• **What you need to do**: Please copy out the entries below exactly, beginning with the line that contains "Cheech & Chong's" and ending with the line that contains "James Hamilton Jazz", and include nothing outside that span.

Data under study START

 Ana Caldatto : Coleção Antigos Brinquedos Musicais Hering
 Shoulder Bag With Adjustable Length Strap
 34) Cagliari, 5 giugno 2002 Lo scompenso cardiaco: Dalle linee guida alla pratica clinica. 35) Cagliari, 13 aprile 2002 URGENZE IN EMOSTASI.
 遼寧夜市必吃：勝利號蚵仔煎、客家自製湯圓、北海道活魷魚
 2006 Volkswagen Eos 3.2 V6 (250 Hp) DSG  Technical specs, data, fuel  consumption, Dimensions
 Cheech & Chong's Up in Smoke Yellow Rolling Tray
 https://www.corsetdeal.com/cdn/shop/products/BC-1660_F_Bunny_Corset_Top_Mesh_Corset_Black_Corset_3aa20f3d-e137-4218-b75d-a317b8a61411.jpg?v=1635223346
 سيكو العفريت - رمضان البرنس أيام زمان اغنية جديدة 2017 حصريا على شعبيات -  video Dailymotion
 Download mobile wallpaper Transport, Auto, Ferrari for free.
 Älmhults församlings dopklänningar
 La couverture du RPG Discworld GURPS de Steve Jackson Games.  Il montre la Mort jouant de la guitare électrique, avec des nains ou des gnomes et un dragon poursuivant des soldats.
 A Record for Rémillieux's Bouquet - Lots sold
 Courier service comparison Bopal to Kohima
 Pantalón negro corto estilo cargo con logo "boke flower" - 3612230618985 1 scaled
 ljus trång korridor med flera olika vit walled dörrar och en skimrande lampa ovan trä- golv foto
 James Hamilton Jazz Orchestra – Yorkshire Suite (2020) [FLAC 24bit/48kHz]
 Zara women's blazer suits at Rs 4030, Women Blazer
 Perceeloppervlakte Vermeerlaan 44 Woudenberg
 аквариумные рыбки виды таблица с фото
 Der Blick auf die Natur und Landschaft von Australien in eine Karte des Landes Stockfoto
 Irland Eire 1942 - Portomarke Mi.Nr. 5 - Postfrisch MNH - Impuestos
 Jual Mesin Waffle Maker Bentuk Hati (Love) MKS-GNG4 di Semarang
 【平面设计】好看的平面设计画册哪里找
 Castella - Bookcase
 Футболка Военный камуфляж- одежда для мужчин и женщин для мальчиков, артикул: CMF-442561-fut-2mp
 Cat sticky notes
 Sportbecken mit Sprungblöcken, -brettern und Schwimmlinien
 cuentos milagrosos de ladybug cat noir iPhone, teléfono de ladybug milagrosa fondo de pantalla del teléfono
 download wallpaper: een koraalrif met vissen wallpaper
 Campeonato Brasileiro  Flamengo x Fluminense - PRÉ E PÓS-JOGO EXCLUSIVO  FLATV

Data under study END

• **Result for this exercise**:
 Cheech & Chong's Up in Smoke Yellow Rolling Tray
 https://www.corsetdeal.com/cdn/shop/products/BC-1660_F_Bunny_Corset_Top_Mesh_Corset_Black_Corset_3aa20f3d-e137-4218-b75d-a317b8a61411.jpg?v=1635223346
 سيكو العفريت - رمضان البرنس أيام زمان اغنية جديدة 2017 حصريا على شعبيات -  video Dailymotion
 Download mobile wallpaper Transport, Auto, Ferrari for free.
 Älmhults församlings dopklänningar
 La couverture du RPG Discworld GURPS de Steve Jackson Games.  Il montre la Mort jouant de la guitare électrique, avec des nains ou des gnomes et un dragon poursuivant des soldats.
 A Record for Rémillieux's Bouquet - Lots sold
 Courier service comparison Bopal to Kohima
 Pantalón negro corto estilo cargo con logo "boke flower" - 3612230618985 1 scaled
 ljus trång korridor med flera olika vit walled dörrar och en skimrande lampa ovan trä- golv foto
 James Hamilton Jazz Orchestra – Yorkshire Suite (2020) [FLAC 24bit/48kHz]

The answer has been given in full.